Data from: "From cultivar mixtures to allelic mixtures: opposite effects of allelic richness between genotypes and genotype richness in wheat"

Description

Data and code used for the study : "From cultivar mixtures to allelic mixtures: opposite effects of allelic richness between genotypes and genotype richness in wheat".

The script "Manuscript_Analyses.R" contains all code for the statistical analysis presented in the manuscript (main text & supplementary information). This script uses files produced in the folder "Locus-by-locus analysis" as inputs, and "manhattan_custom.R" as a source function ("manhattan_custom.R" is used to highlight SNPs in a given interval and to write specified SNPs name on manhattan plots). The file "Traits_monocultures.csv" contains the 20 functional traits measured on the 179 monoculture plots (see Supplementary Methods for more information on trait measurement). This file is used as an input in the script "Manuscript_Analyses.R".

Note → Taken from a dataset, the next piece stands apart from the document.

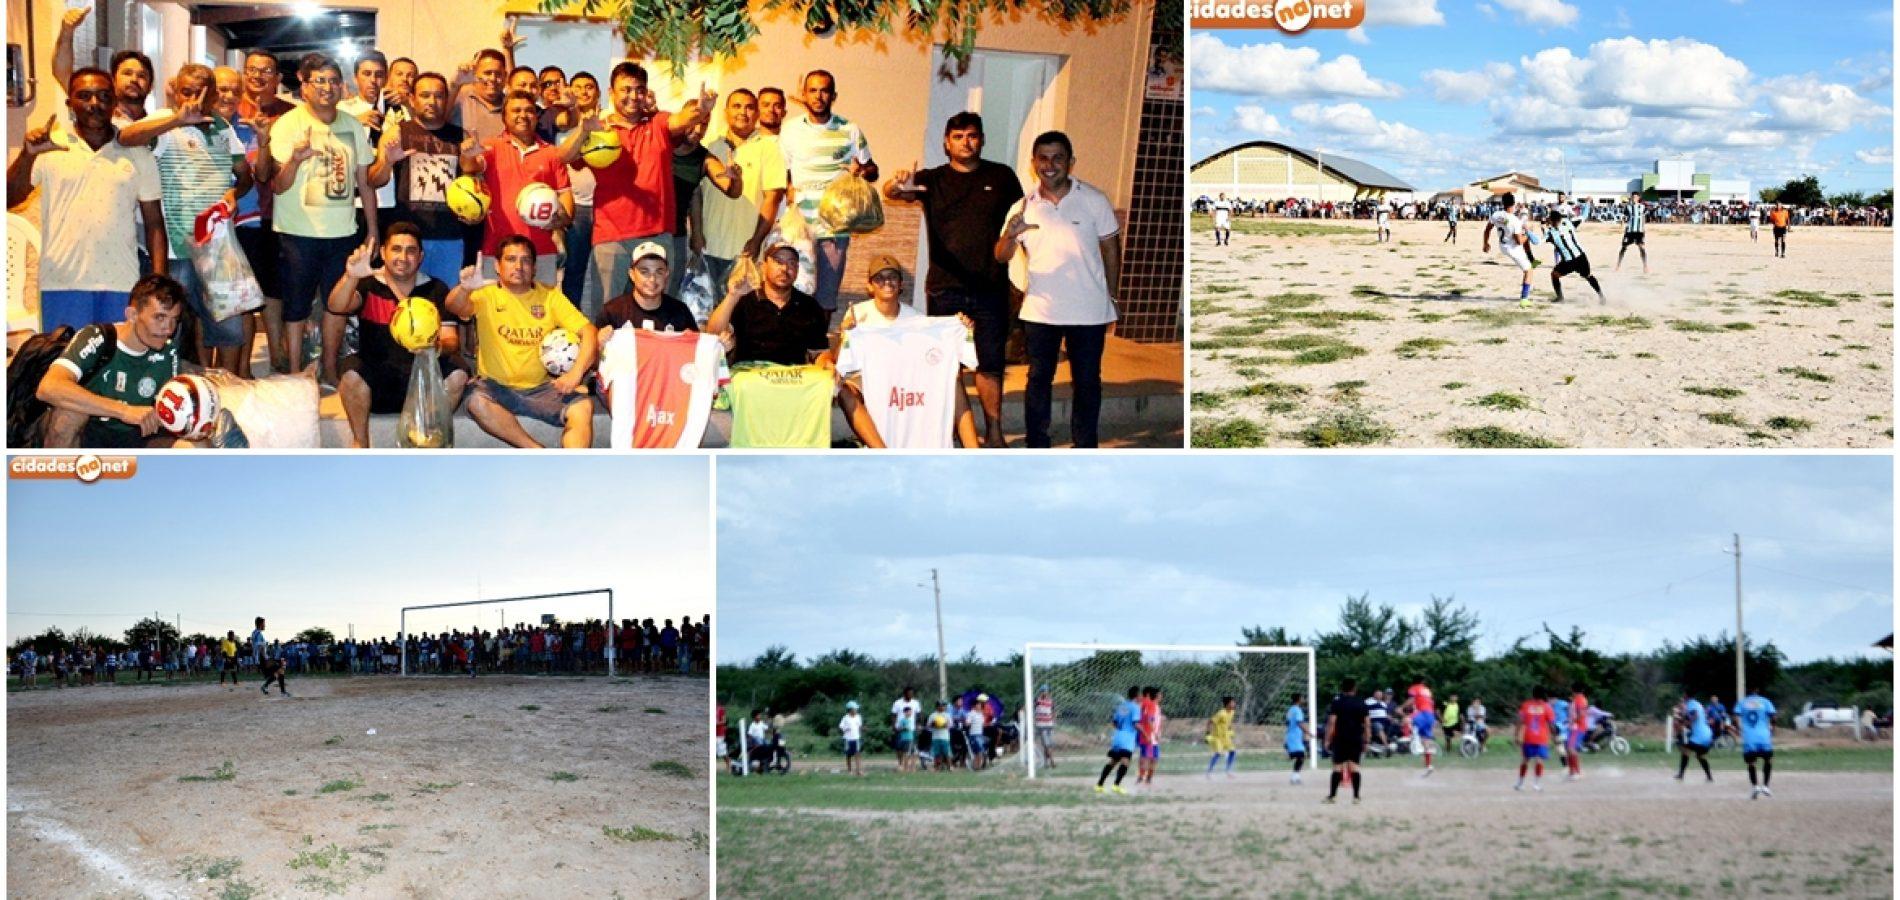 Prefeitura de Alegrete entrega uniformes para equipes; Campeonato inicia neste sábado (29)
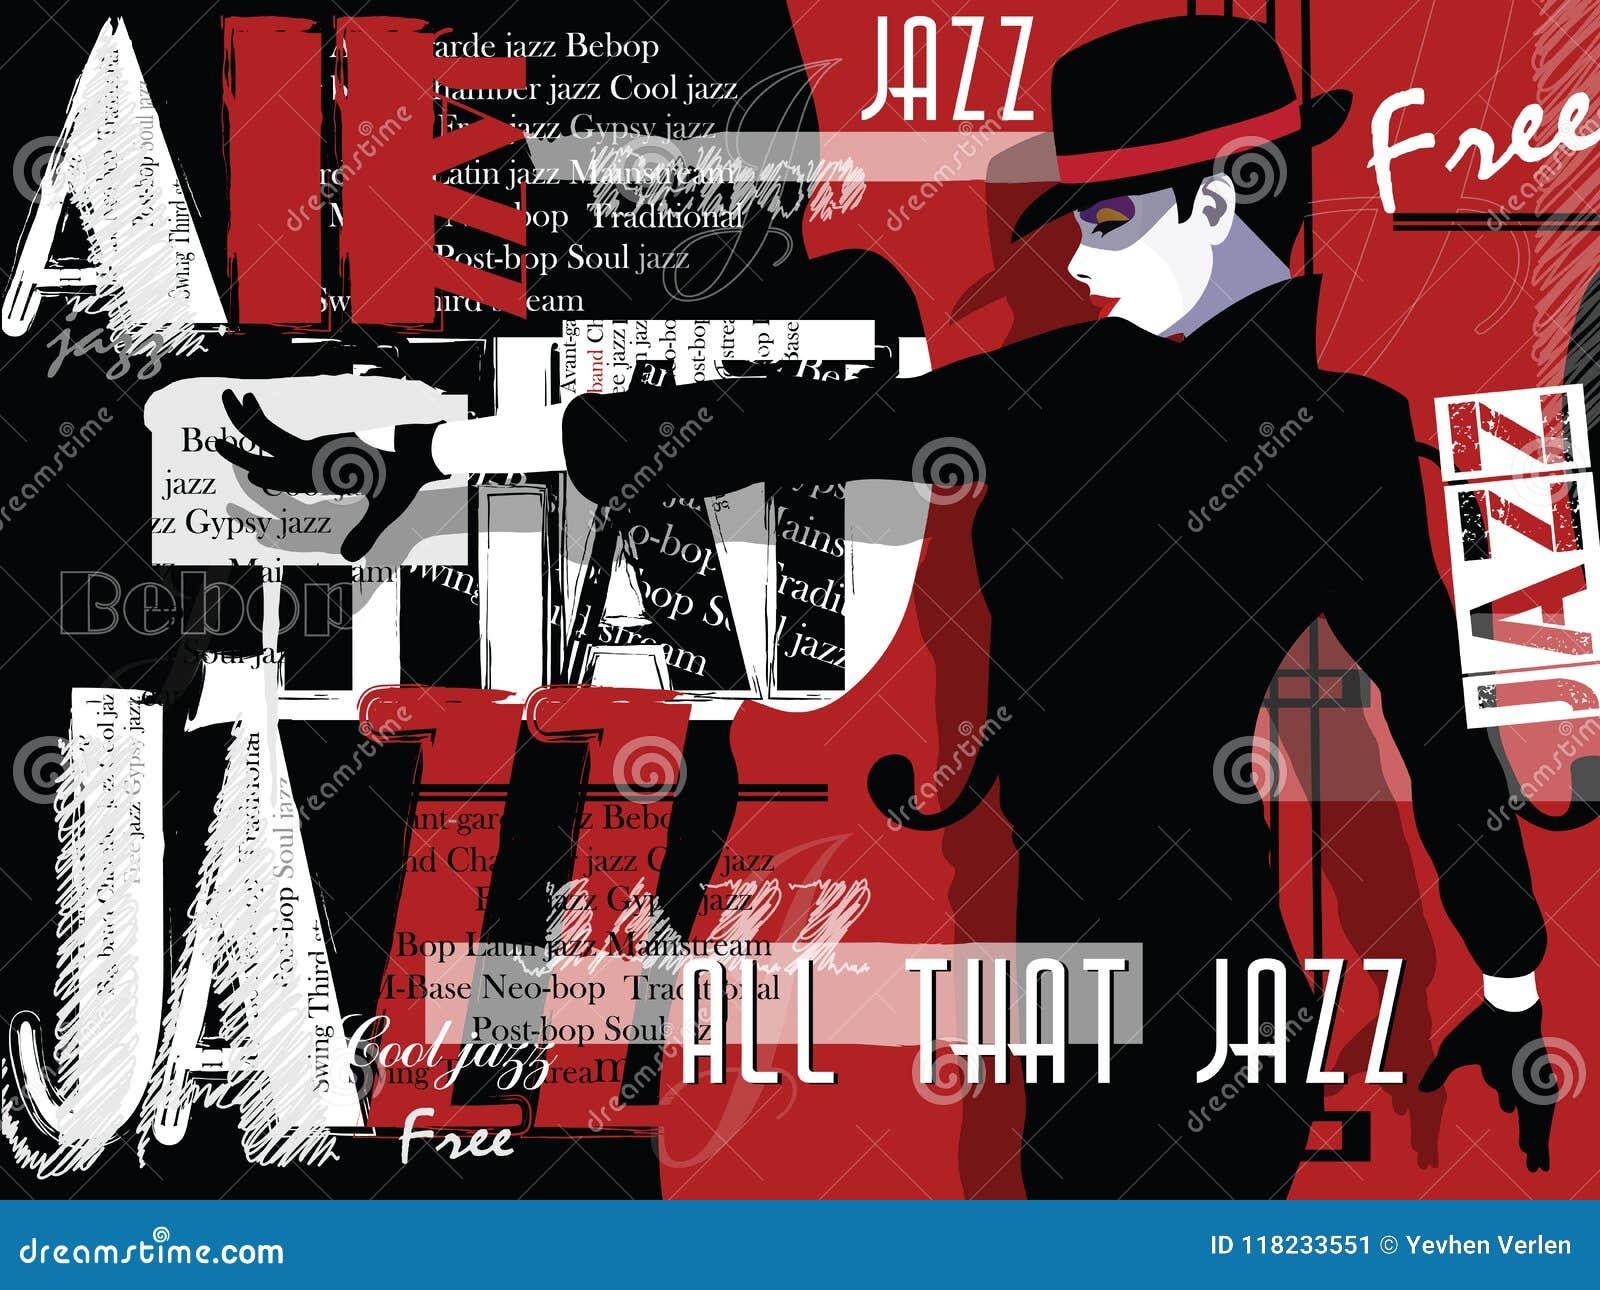 Jazzmusik, Plakathintergrundschablone

The "Locus-by-locus analysis" folder contains all analyses conducted to test the effect of allelic richness on the four variables of interest: Grain Yield (GY, g/m²), Spike Number per m² (SNb, nb spikes/m²), Thousand Kernel Weight (TKW, g), and Septoria tritici blotch (STB) severity. The locus-by-locus analysis is performed with the script "Allelic_richness_locus_by_locus_analysis.R". This analysis generates a list of .csv files with one file per chromosome. Each file contains the pvalues and estimated effect sizes of the tested SNPs for the given chromosome. These output files are stored in folders named after the variables for which the effect of allelic richness was tested ("RAW_GY", "RAW_SNb", "RAW_TKW", and "RAW_severity"). The script "Allelic_richness_locus_by_locus_output_processing.R" combines all .csv files into a single dataframe and produces three diagnostic plots: Manahattan plots, histograms of p-value distributions, and p-value q-q plots. p-value thresholds were computed based on a Family-Wise Error Rate of 5% using the Galwey correction. This is done in the "pvalue_thresholds" folder with the "Meff_computation.R" script. "Meff_computation.R" uses the "Meff_function.R" as a source function and generates "GY_thresholds.csv" and "STB_thresholds.csv" as outputs (these files contains different thresholds computed according to different methods but we only retained the Galwey method (most recent) for the analyses. Since GY, SNb, and TKW were analyzed with the same number of SNPs (~19K), we used the same significance threshold for the three variables ("GY_thresholds.csv"), whereas we computed a different thresholds for STB ("STB_thresholds.csv") for which we could only include ~6K SNPs in the analysis. The "geno_pos.csv" file contains the physical positions of the SNPs.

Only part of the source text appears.